If you are an administrator of an Exchange 2010 server there may be times when your users get an email that may be malicious in nature. Here are two very useful PowerShell commands that will allow you to either log/report the users that may have received the email in question or delete it from all users in your Exchange organization in one swoop.

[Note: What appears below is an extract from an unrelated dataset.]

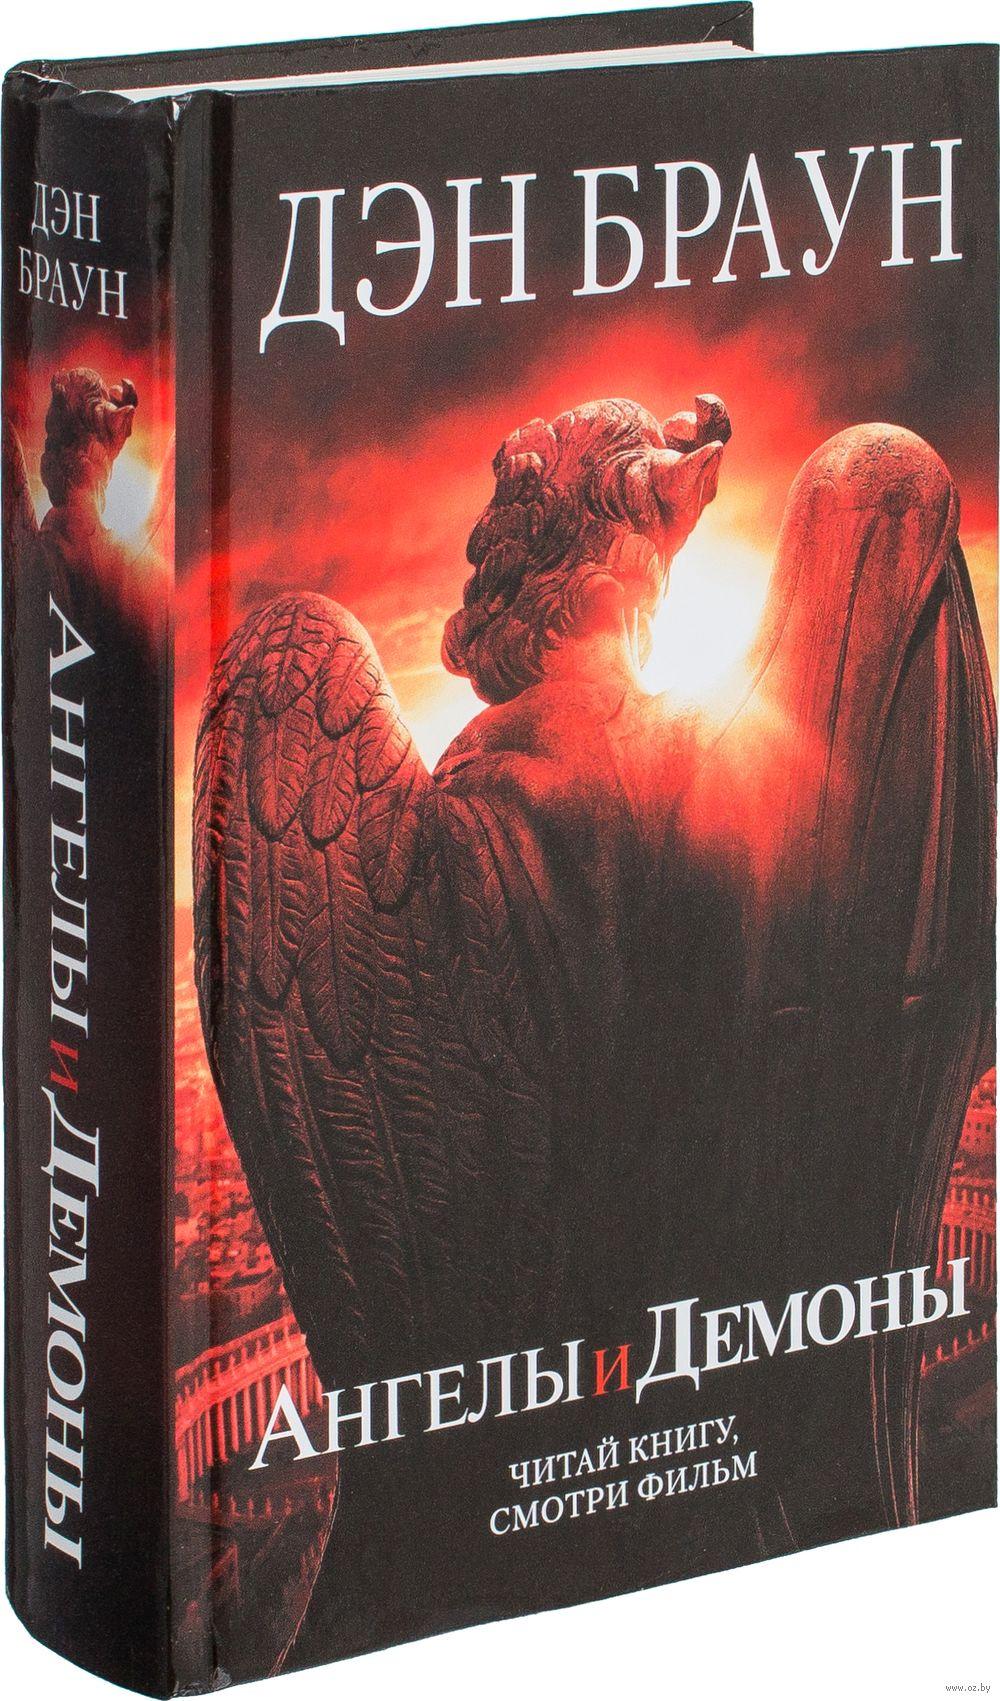 Дэн браун ангелы и демоны книга скачать

First, the cautious route…
SEARCH (LOG) MALICIOUS EMAIL:
Get-Mailbox -ResultSize Unlimited | Search-Mailbox -SearchQuery ‘Subject:”Paste the subject here“‘ -TargetMailbox YourExchangeUserName -TargetFolder “SearchAndDeleteLog” -LogOnly -LogLevel Full
This should produce a .zip file containing the mailboxes that received the email in question and place it in a folder in in your inbox called “SearchAndDeleteLog”.
The meat and potatoes…
MASS DELETE MALICIOUS EMAIL: (here there be monsters you have been warned)
Get-Mailbox -ResultSize Unlimited | Search-Mailbox -SearchQuery ‘Subject:”Paste the subject here“‘ -DeleteContent
This command will delete all emails with the subject that you specified. Alternatively you can change the word subject to attachment to do the same based on the specified name of an attachment on both of these commands.
That’s amazing. How did you figure that out?